5) Rural Healthcare: A key component for improving the quality of life for rural New Yorkers and enticing business investment is improving access to healthcare through programs to recruit more doctors to rural areas, telemedicine and increased awareness of programs available to maintain demand for specialized services.

Joining Smith, Aubertine and Koon were key policy experts in these fields, including Dr. Ray Cross , President of SUNY Morrisville, Peter G. Beatty, Ph.D., Associate Director of Rural Medicine Education at Upstate Medical University, David Haight , New York Director of American Farmland Trust, and Margaret Lamb , School Lunch Program Director, Saratoga Springs School District and a member of Farm to School.  

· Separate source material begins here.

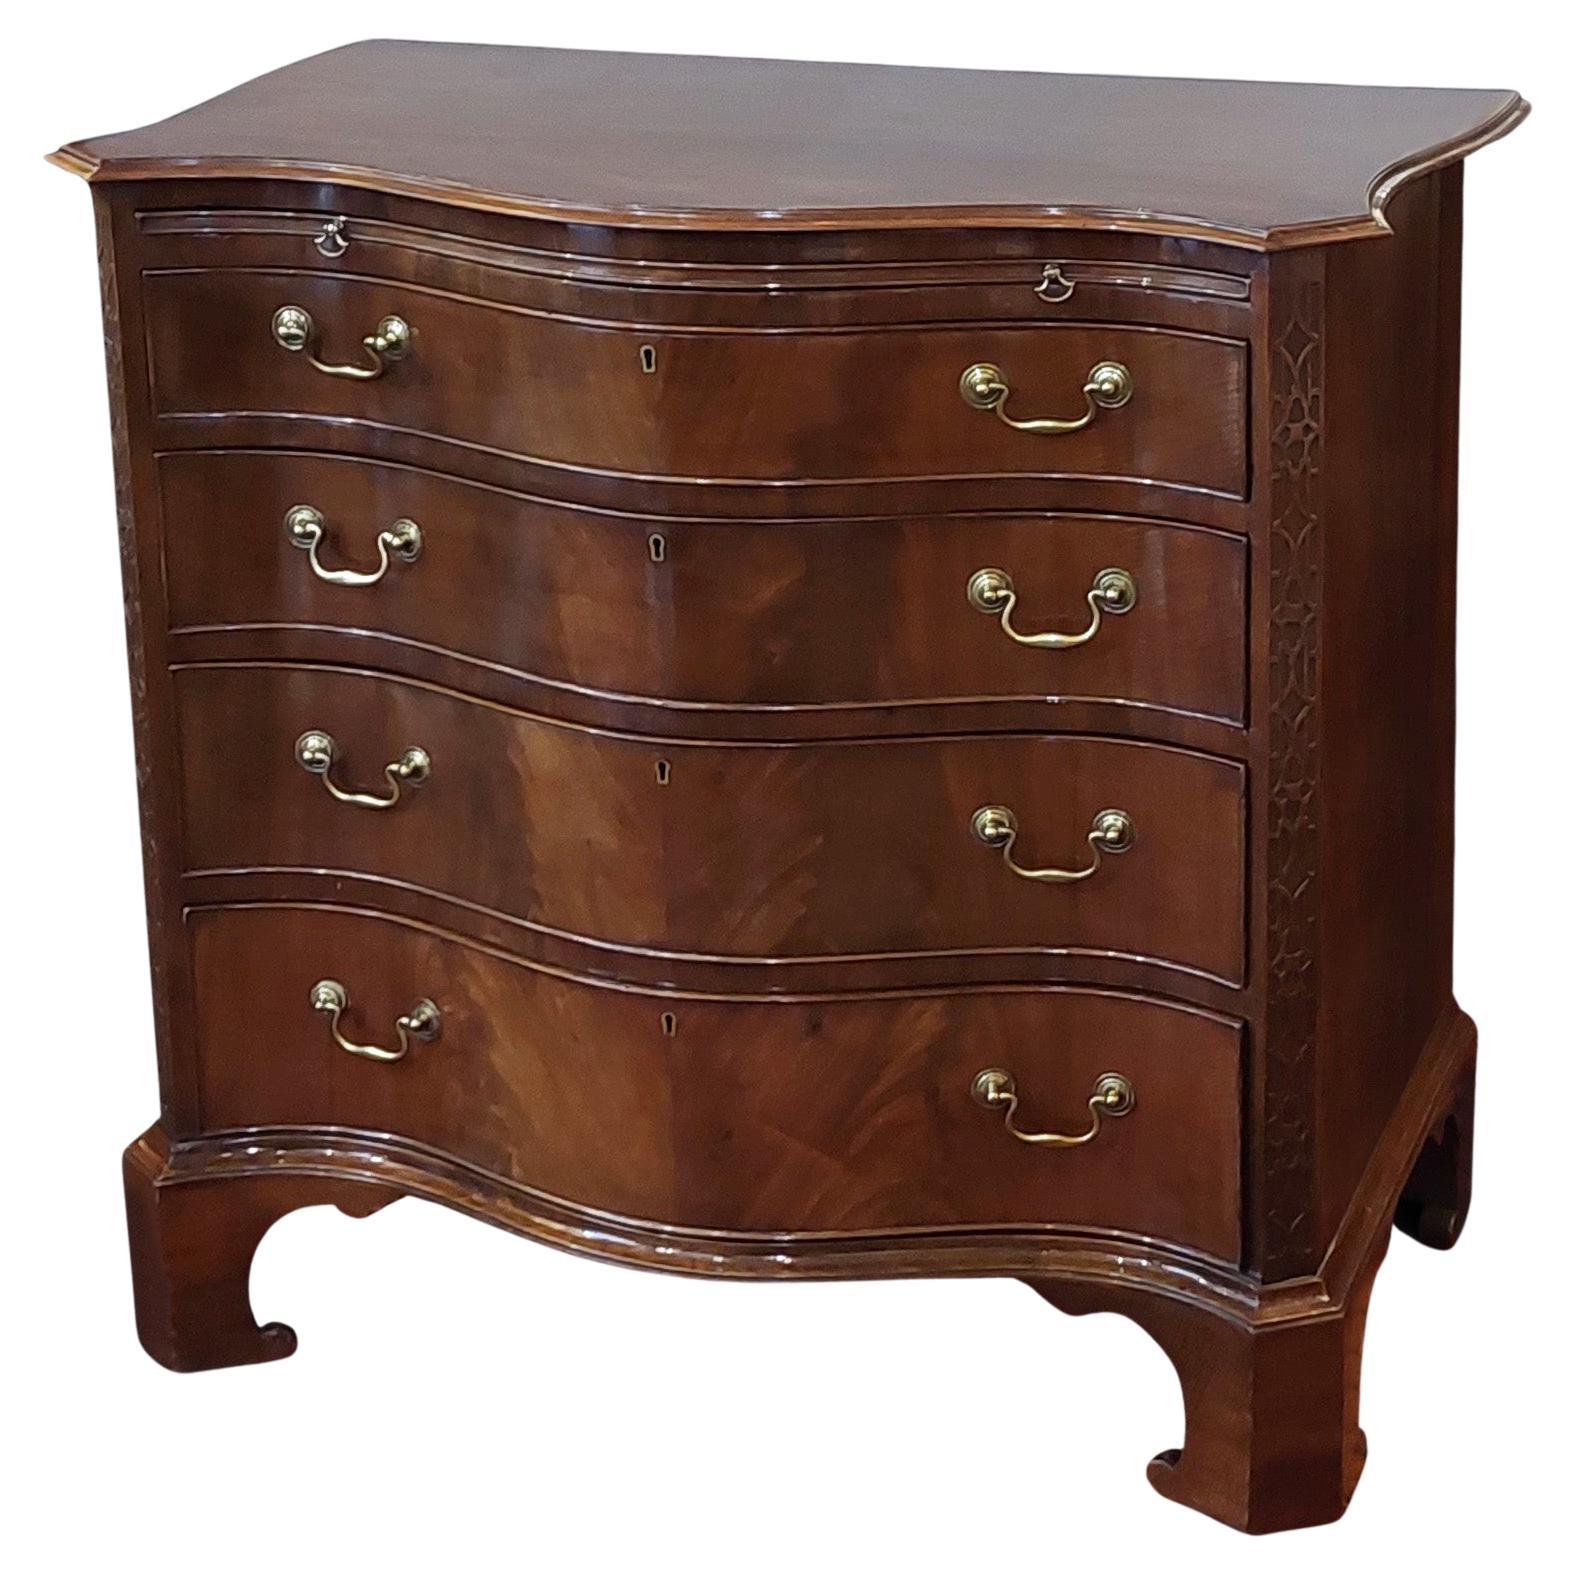 Victorian Chippendale Revival Serpentine Mahogany Chest of Drawers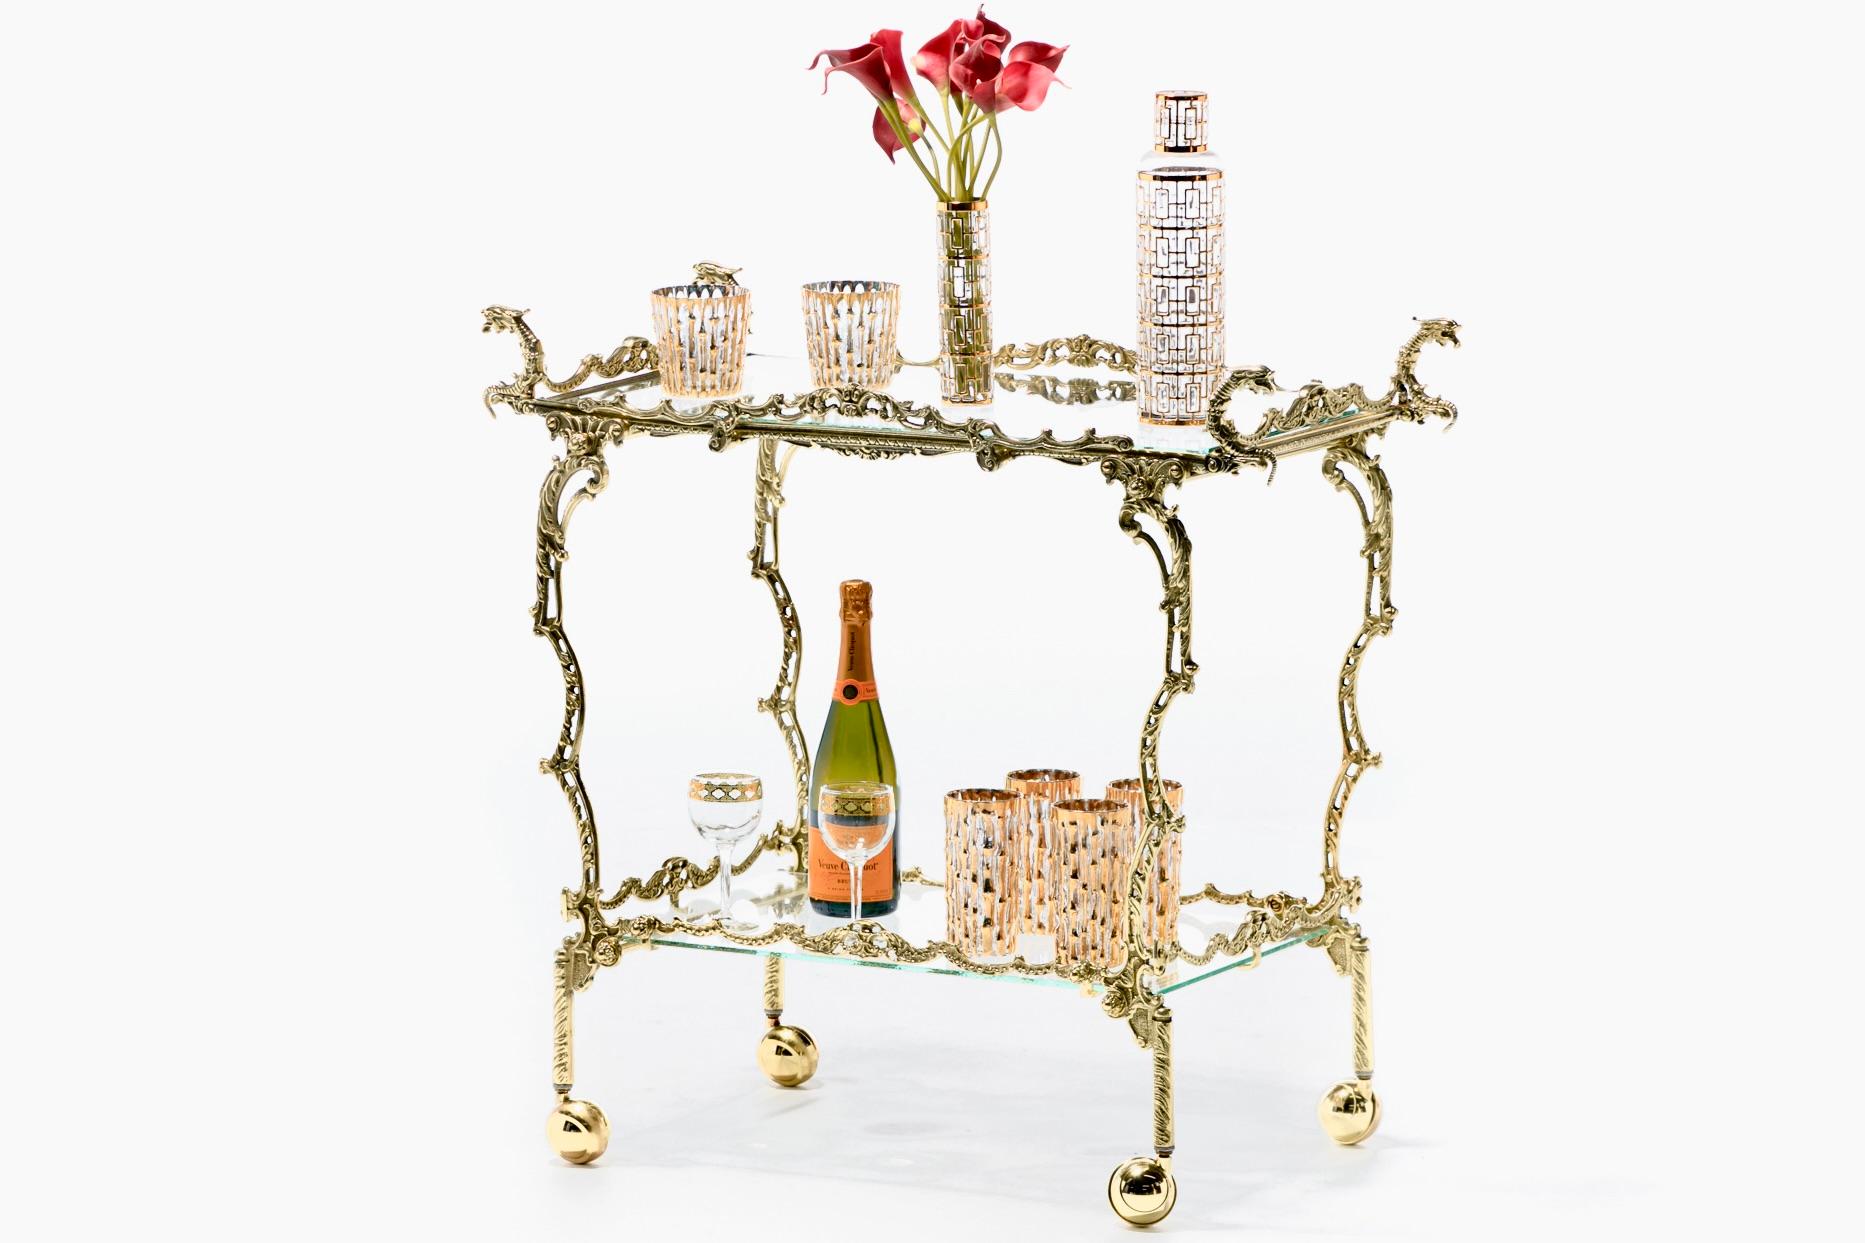 Italian Hollywood Regency Ornate Chinoiserie Polished Brass Bar Cart c. 1955 For Sale

Established by Chapter 428 of the laws of 1982, the Legislative Commission on Rural Resources is a bi-partisan agency in the state Legislature charged with examining the impact of rural resources on the state’s economy, reviewing existing laws/regulations as they relate to rural resources, assessing the effectiveness of programs designed to promote rural viability, recommending and sponsoring legislation and otherwise promoting activities that will enhance and protect rural resources. 

The Commission hosts conferences, conducts hearings, completes studies, issues reports, responds to constituent concerns, drafts legislation, and interacts with all levels of Government to promote and strengthen the role of rural New York, now and into the future. In this role it is an important resource to lawmakers to inform them about the impact of rural issues on the state as a whole.